I like to refer to my personal approach to settlement recommendations as “No One Gets Hurt”. Here’s how it works:

  1. It’s preferable if the parties settle their own case without a mediator recommendation. However, a mediator recommendation is useful as a last resort to break an impasse. I prefer that it take place after the mediation when it is clear that a settlement cannot be reached without this type of mediator intervention.
  2. It’s ideal if one or both sides request a recommendation, as opposed to the mediator offering one. That said, if no one asks, and I think it will be helpful, I will usually offer to make a recommendation.
  3. Regardless, both sides must agree to hear (or read) my recommendation before it is given so that I can be certain it is conveyed to the decision maker. This is necessary only where the recommendation takes place after mediation when I am normally just speaking with counsel.
  4. The recommendation is privileged, so it cannot be revealed to anyone, especially the Court. If the recommendation takes place after the mediation session, the parties have already agreed that my recommendation is an extension of the mediation, and governed by the mediation agreement.
  5. I will not provide explanations or reasons for my recommendation. I don’t want to argue with counsel, and I am not writing an arbitral award.
  6. There is no settlement unless both sides agree to the actual recommendation.
  7. The parties are asked to respond to my recommendation privately (separately) and confidentially. Each side will know if the other side(s) accepted the recommendation only if all sides accept it.
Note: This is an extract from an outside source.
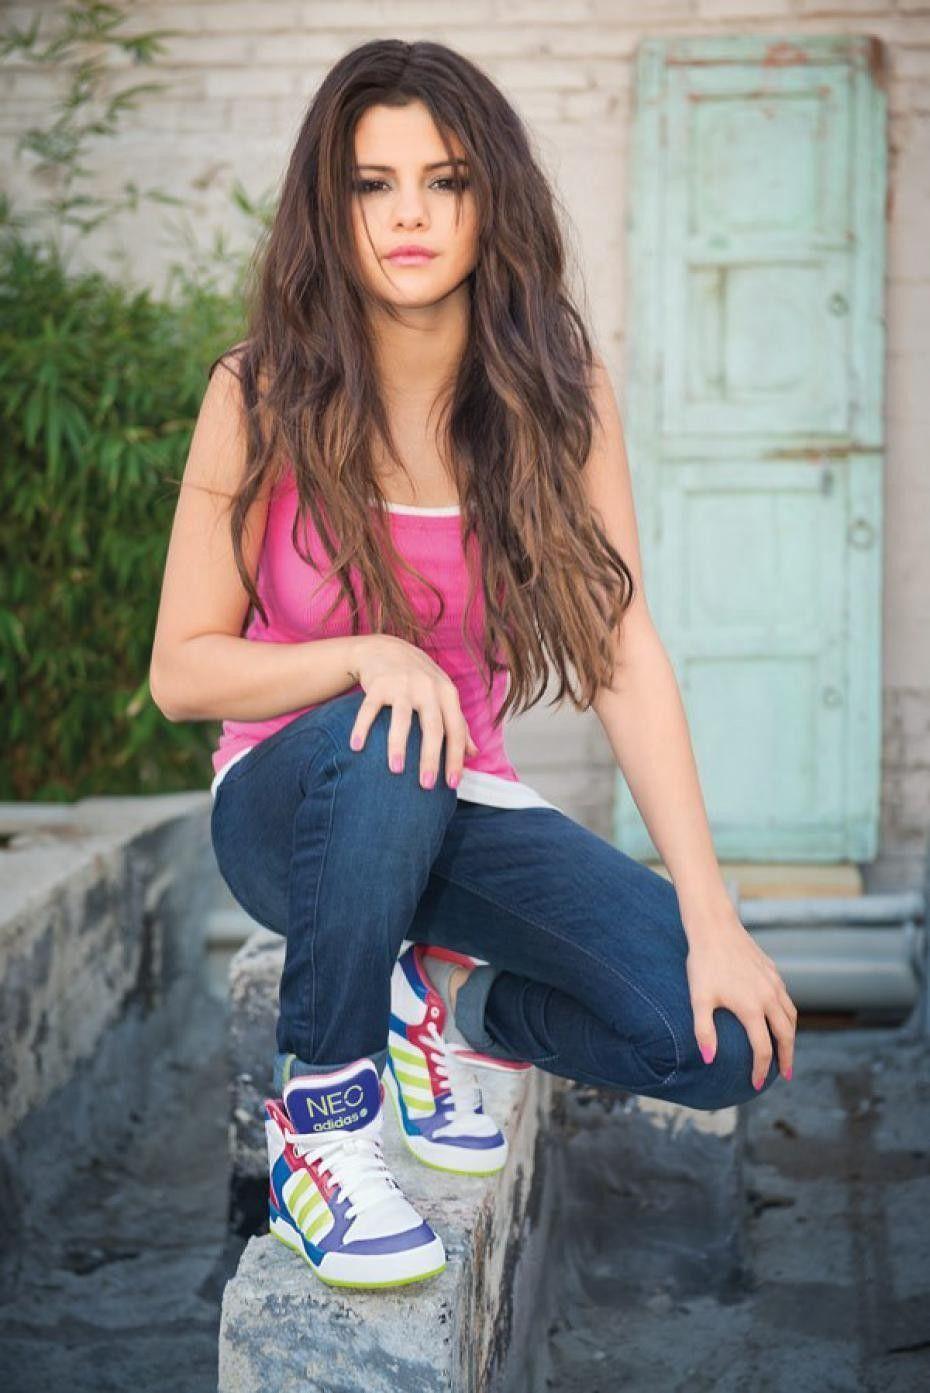 Latest Image of Selena Gomez. Download New Wallpaper HD
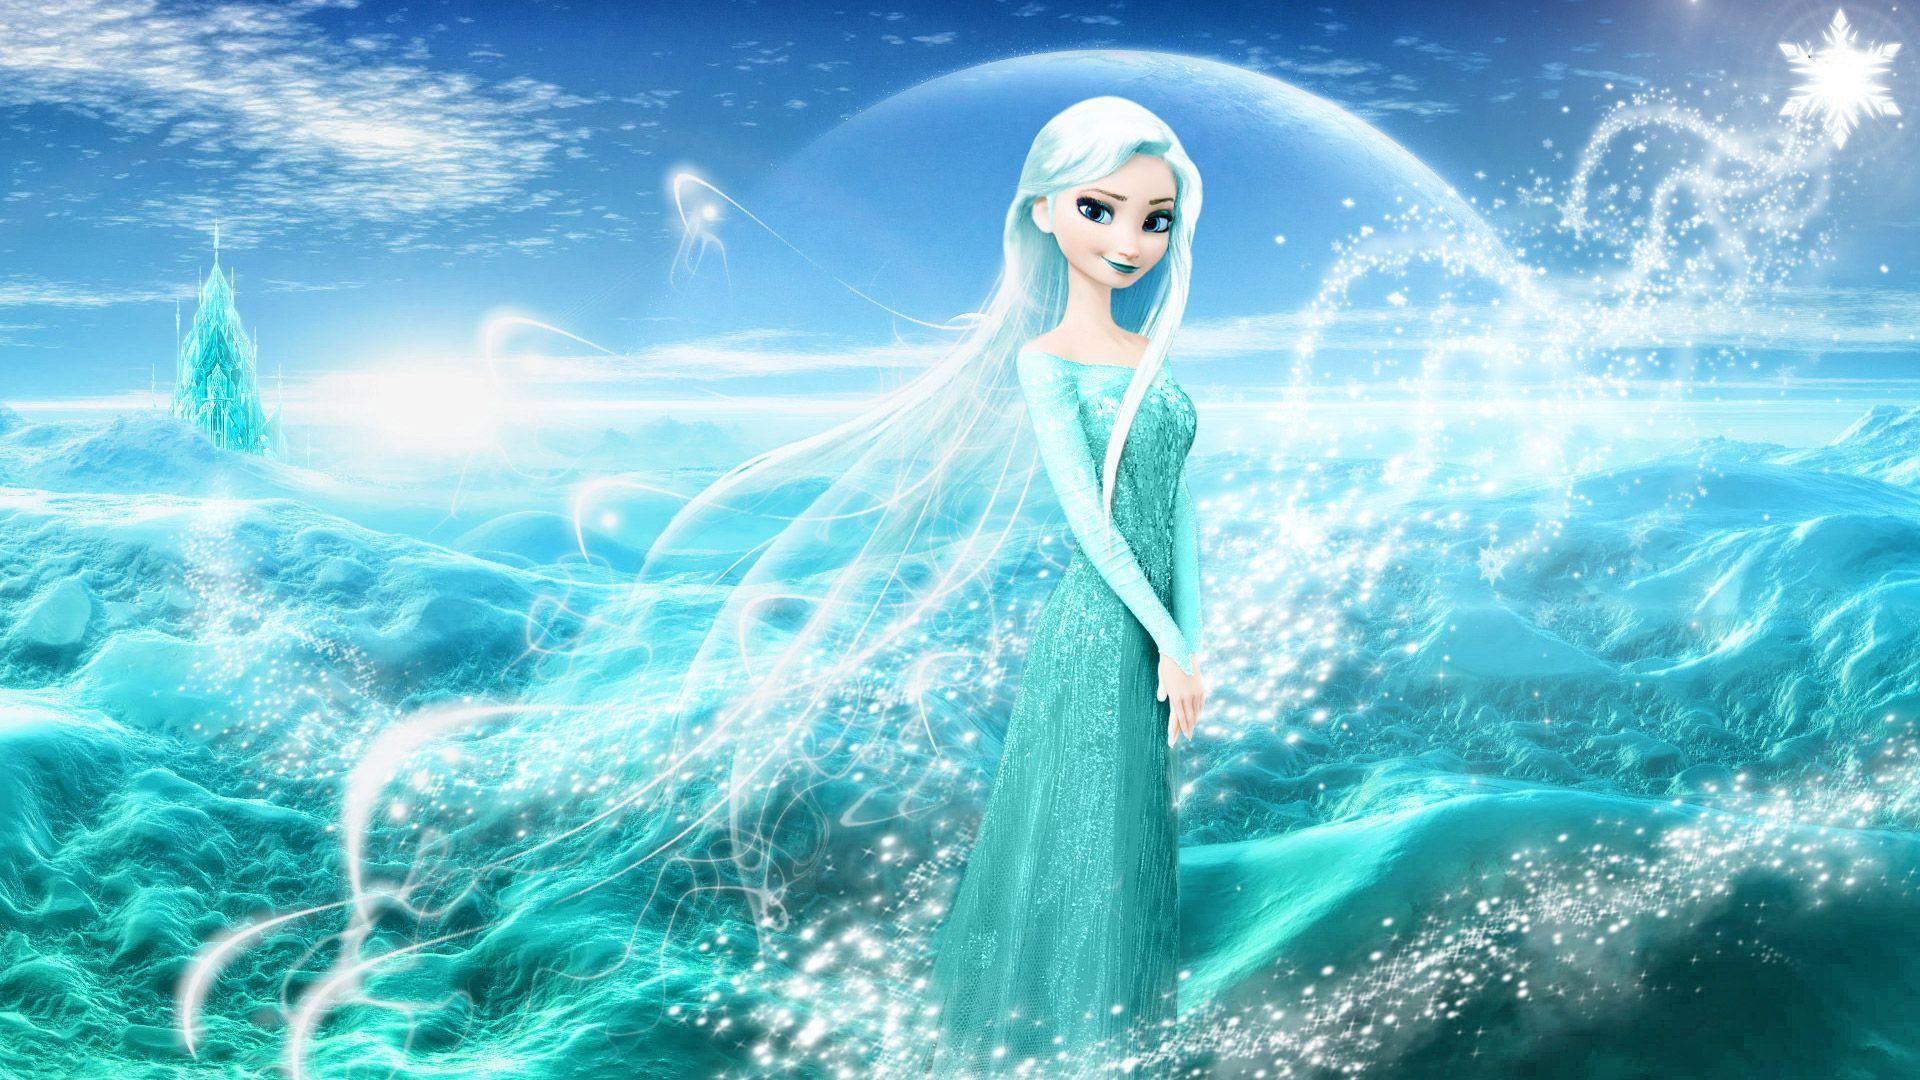 Frozen Desktop Background. Disney

If just one side says “yes” to the mediator privately, the “no” side(s) will not learn about it. Everyone would simply be advised that there’s “no deal”.
  8. Thus, “no one gets hurt”. The idea throughout is to preserve party autonomy and bargaining power, while maximizing efficiency and the chances of settlement. At the same time, one avoids the excess risk, cost and time of continuing with the proceeding in the hopes (or fears) of a third party opinion that is actually binding.
  9. In my experience, most of the recommendations I make are accepted, resulting in a full settlement.
  10. Normally though, the recommendation (whether accepted or not) marks the end of my role as mediator in a case. I won’t try to convince uninterested participants to accept my proposal. However, I sometimes ask, confidentially, what part(s) of my proposal a party would accept and if I can convey that information to the other side. This can still lead to an eventual settlement. The rejected recommendation may also prove useful in future negotiations.

Mitchell Rose is a Chartered Mediator, lawyer and settlement counsel with Stancer, Gossin, Rose LLP in Toronto. He is on the board of directors of the ADR Institute of Ontario.